A 0.25 per cent rise translates to a small increase in monthly payments from £508 to £519 for a household with an £87,000 loan - the national average.

A borrower with a £250,000 mortgage on a typical standard variable rate deal of 3.99 per cent will need to find £400 extra per year.

Mark Carney signals ‘earlier’ interest rate hikes for UK

That may sound manageable but many households are already stretched after a prolonged period in which wage growth has lagged behind the rising cost of goods and services.

Even a small rise to essential costs is therefore likely to have a negative impact on the consumer spending that drives the economy, which has a knock-on effect for businesses selling goods and services.

Debt

As with mortgages, the cost of unsecured debt will also rise. This comes as the Office for National Statistics (ONS) said last week that UK households spent £900 more than they received in income 2017, a worse figure than at any year on record.

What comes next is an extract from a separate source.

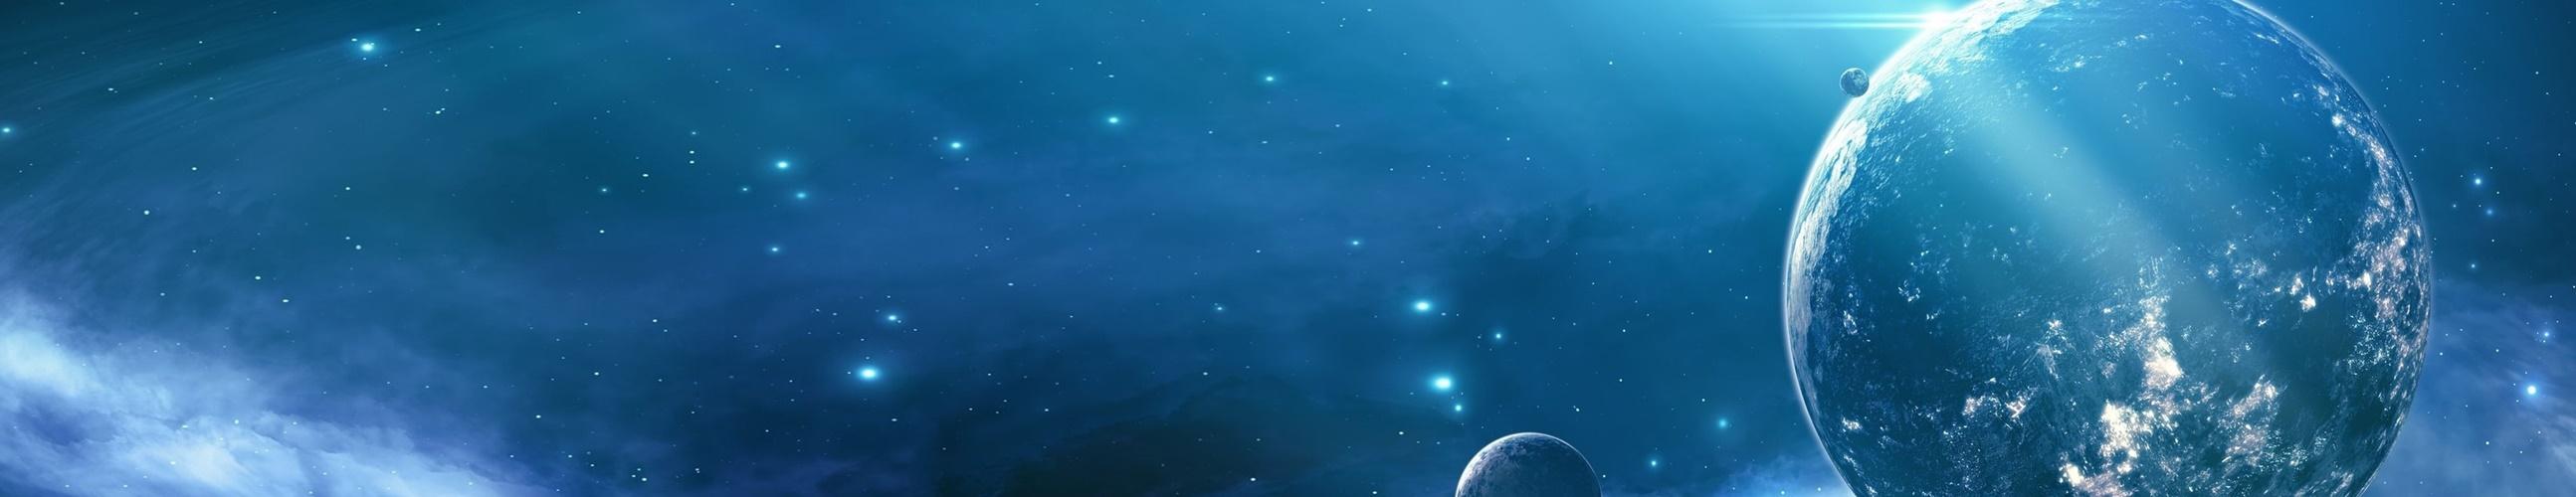 meteorihuela-planetas-
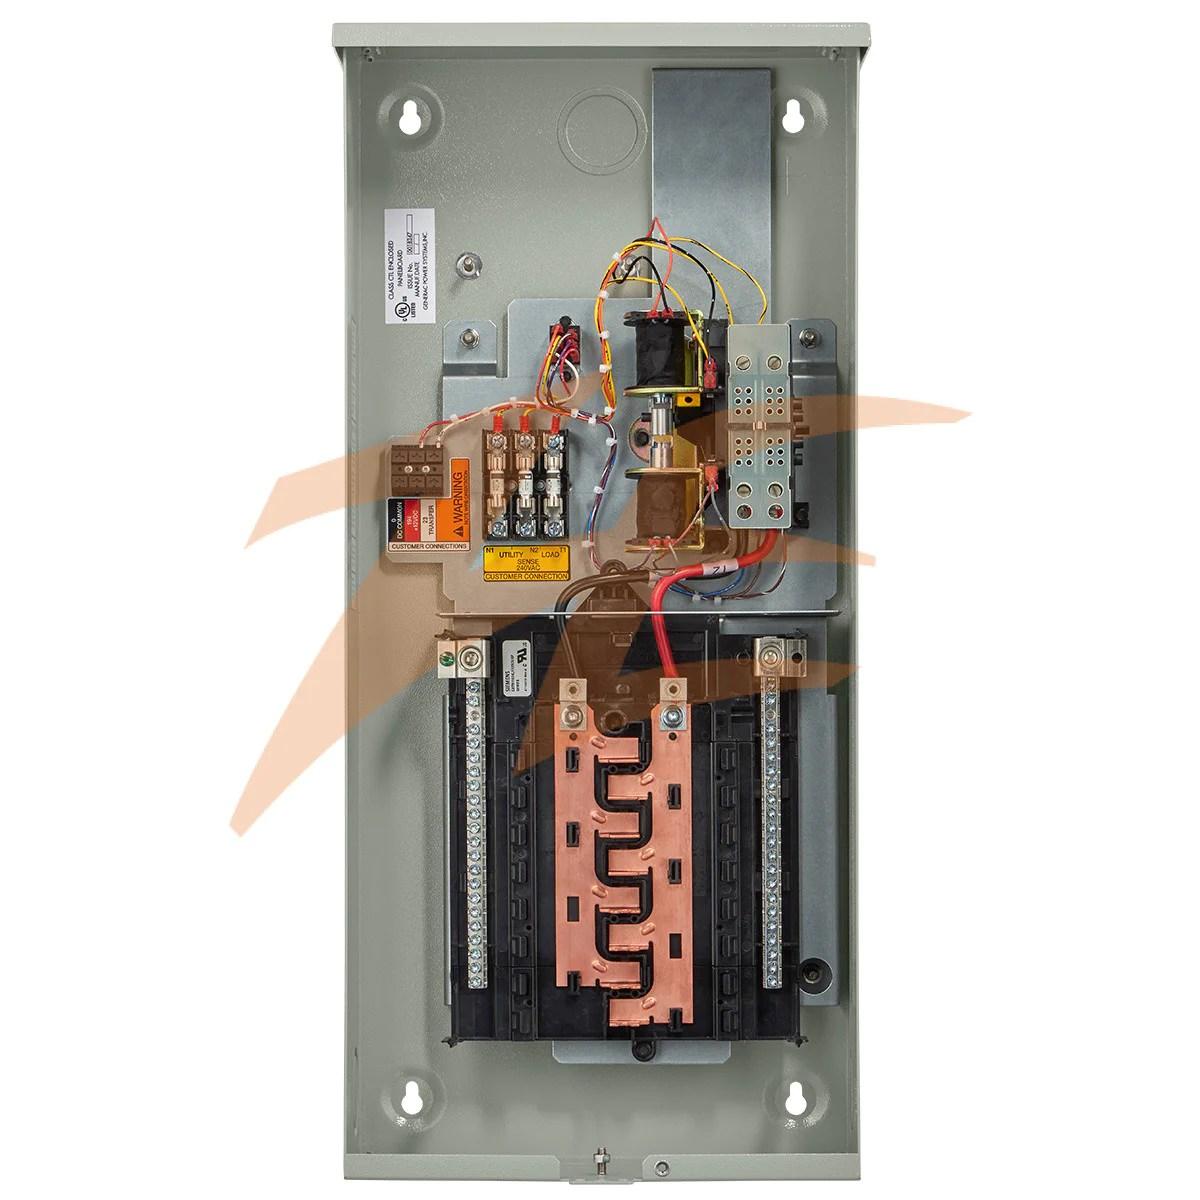 amp generac transfer switch wiring diagram on generac xp8000e wiring diagram generac nexus controller wiring  [ 1200 x 1200 Pixel ]

With millions of consumers now relying on taking on debt to fund basic spending, the rate rise is likely to hurt economic growth, with retailers potentially the first to be hit hard.

Confidence among UK consumers is already low and fell again in July, thanks to pessimism about the wider economy, according to a long-running index from GfK.

Investments and markets

Markets are unlikely to be affected in a big way by a 0.25 per cent rate rise as the impact has already been factored into asset prices.

It is likely to increase the pound’s value, as higher interest rates mean better returns for people holding that currency.

A move up to 0.75 per cent increases the cost of borrowing for the government and companies, the flip side of this being that those who invest in that debt such as pension funds receive better returns.

However, the base rate is still close to its lowest point in history, meaning investors looking for decent returns will still need to look to the stock market or further afield.